Don’t expect a speech, throat

curled in on inappropriate flowers, throated
tight in someone’s hand, knife-
cut down the hill, not here, the ground
sacred according to the Rabbi, washed
like her body the day she died, grave
waiting without her wedding ring, no rock

but a ten dollar gold band from Brooklyn. Gone the rocking
chair at her father’s third floor walkup and throat
of lace her mother left behind, engraved
before my mother held a knife,
before she moved to London, washed
her hair in a sink when the Underground

stopped working. Maternal lineage grounded
her, the shore of Bremerhaven where a rock
broke open and her parents boarded a ship, washed
away from their deaths. But her own throated
words—what did they carry at the end?
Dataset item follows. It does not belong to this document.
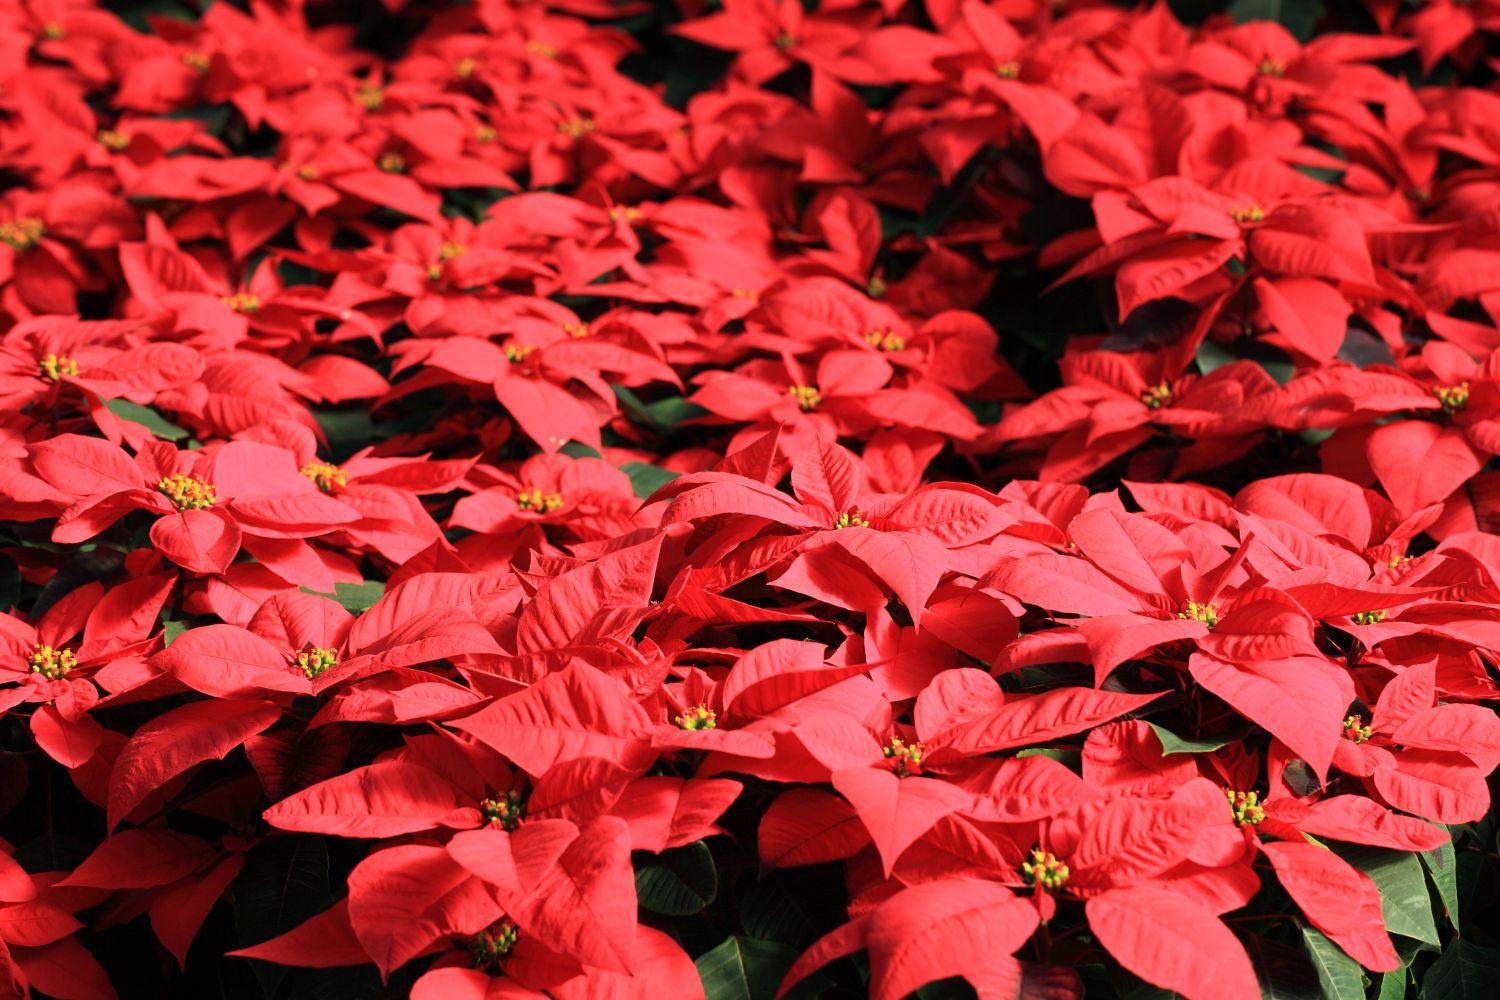 fun facts you may not know about poinsettias

A knife
dropped at a dining table, grave

waiting? She knew, saying gravely
she couldn’t go on, leaning in a wheelchair, grounded
all day like a miscreant, no knife,
only fork and spoon, left hand rocking
back and forth, trying to clear her throat
to avoid choking, pureed food washed

in a blender. Before it came to this, she washed
her own hair for the last time, gravely,
the morning the clot throated
her brain. Stoppage of opera, grounded
from reading, where Elizabeth Bennet throws a rock
at her competitor. All the mail, I now open with a knife

though my throat sinks to the ground,
mud-washed in a dirty grave.
I throw rocks, brain open with a knife.